#### Directions for this task
Could you reproduce, word for word, everything below from the line containing "ENPHASE ENERGY INC._V_PRXY_GT20_P85881_23(#67757)" down to the line containing "Device for handling", with both of those lines included and no others?

#### Source data
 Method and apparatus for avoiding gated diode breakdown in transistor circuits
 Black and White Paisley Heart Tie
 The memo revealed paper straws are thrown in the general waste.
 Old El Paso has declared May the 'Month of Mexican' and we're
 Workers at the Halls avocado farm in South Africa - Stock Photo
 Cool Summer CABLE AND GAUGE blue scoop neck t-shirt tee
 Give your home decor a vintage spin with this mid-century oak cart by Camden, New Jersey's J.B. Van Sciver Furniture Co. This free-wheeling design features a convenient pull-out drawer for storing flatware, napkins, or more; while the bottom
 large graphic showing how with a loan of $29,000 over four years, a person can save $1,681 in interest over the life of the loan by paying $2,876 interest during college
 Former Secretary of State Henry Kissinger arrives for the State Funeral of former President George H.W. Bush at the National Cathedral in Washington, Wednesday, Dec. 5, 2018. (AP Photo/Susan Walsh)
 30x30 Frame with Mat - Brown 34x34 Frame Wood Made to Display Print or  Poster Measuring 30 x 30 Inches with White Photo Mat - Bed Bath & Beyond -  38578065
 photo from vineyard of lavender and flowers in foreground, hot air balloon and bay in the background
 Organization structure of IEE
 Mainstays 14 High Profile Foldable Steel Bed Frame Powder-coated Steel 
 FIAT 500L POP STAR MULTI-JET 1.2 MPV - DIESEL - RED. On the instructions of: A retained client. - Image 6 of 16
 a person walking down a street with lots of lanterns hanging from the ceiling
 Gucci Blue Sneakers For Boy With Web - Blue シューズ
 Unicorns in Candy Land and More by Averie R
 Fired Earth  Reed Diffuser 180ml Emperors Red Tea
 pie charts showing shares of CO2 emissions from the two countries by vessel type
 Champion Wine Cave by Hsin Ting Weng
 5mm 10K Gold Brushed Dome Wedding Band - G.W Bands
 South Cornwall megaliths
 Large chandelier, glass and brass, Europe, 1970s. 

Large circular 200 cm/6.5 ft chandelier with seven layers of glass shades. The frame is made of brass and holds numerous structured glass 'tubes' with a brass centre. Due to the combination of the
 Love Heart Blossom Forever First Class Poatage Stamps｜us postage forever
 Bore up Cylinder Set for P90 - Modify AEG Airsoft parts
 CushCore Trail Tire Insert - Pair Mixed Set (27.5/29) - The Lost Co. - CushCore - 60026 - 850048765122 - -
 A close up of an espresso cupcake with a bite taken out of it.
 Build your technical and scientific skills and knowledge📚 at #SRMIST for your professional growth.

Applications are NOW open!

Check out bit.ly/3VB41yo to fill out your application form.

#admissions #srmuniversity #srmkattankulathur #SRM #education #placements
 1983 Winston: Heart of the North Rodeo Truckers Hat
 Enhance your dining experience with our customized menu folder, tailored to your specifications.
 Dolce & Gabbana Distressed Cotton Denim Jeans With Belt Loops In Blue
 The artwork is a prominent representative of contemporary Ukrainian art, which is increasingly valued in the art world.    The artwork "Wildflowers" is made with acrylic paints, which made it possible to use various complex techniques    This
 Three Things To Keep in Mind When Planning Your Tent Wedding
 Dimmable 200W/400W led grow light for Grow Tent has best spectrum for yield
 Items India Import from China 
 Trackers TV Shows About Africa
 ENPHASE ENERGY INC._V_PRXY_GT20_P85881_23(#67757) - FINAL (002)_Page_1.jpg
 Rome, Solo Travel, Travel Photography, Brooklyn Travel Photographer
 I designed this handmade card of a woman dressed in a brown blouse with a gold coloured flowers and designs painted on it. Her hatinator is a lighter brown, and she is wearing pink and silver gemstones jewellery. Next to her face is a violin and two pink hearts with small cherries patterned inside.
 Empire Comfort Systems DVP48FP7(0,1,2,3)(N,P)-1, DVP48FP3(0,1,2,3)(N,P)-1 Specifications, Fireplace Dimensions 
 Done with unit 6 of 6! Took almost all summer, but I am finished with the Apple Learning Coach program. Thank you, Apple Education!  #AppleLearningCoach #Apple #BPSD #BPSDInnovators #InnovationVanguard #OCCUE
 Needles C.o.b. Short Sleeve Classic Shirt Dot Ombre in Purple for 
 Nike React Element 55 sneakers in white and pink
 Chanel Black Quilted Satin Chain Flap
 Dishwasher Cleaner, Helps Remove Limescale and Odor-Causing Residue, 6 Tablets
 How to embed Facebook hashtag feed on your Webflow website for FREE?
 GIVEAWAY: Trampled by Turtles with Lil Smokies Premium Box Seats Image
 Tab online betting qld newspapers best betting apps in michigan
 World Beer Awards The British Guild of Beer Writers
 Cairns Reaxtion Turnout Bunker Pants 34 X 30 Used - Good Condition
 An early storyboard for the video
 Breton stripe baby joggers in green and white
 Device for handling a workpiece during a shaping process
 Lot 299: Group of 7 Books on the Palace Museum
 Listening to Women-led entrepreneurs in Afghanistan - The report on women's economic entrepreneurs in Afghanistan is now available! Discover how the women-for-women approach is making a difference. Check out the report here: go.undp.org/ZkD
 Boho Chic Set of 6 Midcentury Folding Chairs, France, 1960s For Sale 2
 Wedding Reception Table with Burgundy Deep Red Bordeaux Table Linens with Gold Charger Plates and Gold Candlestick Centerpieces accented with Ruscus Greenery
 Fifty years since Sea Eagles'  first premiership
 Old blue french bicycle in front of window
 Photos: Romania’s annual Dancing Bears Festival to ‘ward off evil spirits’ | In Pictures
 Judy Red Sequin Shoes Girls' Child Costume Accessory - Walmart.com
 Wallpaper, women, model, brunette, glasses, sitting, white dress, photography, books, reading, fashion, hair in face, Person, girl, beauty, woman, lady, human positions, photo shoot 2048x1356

#### Output below
 ENPHASE ENERGY INC._V_PRXY_GT20_P85881_23(#67757) - FINAL (002)_Page_1.jpg
 Rome, Solo Travel, Travel Photography, Brooklyn Travel Photographer
 I designed this handmade card of a woman dressed in a brown blouse with a gold coloured flowers and designs painted on it. Her hatinator is a lighter brown, and she is wearing pink and silver gemstones jewellery. Next to her face is a violin and two pink hearts with small cherries patterned inside.
 Empire Comfort Systems DVP48FP7(0,1,2,3)(N,P)-1, DVP48FP3(0,1,2,3)(N,P)-1 Specifications, Fireplace Dimensions 
 Done with unit 6 of 6! Took almost all summer, but I am finished with the Apple Learning Coach program. Thank you, Apple Education!  #AppleLearningCoach #Apple #BPSD #BPSDInnovators #InnovationVanguard #OCCUE
 Needles C.o.b. Short Sleeve Classic Shirt Dot Ombre in Purple for 
 Nike React Element 55 sneakers in white and pink
 Chanel Black Quilted Satin Chain Flap
 Dishwasher Cleaner, Helps Remove Limescale and Odor-Causing Residue, 6 Tablets
 How to embed Facebook hashtag feed on your Webflow website for FREE?
 GIVEAWAY: Trampled by Turtles with Lil Smokies Premium Box Seats Image
 Tab online betting qld newspapers best betting apps in michigan
 World Beer Awards The British Guild of Beer Writers
 Cairns Reaxtion Turnout Bunker Pants 34 X 30 Used - Good Condition
 An early storyboard for the video
 Breton stripe baby joggers in green and white
 Device for handling a workpiece during a shaping process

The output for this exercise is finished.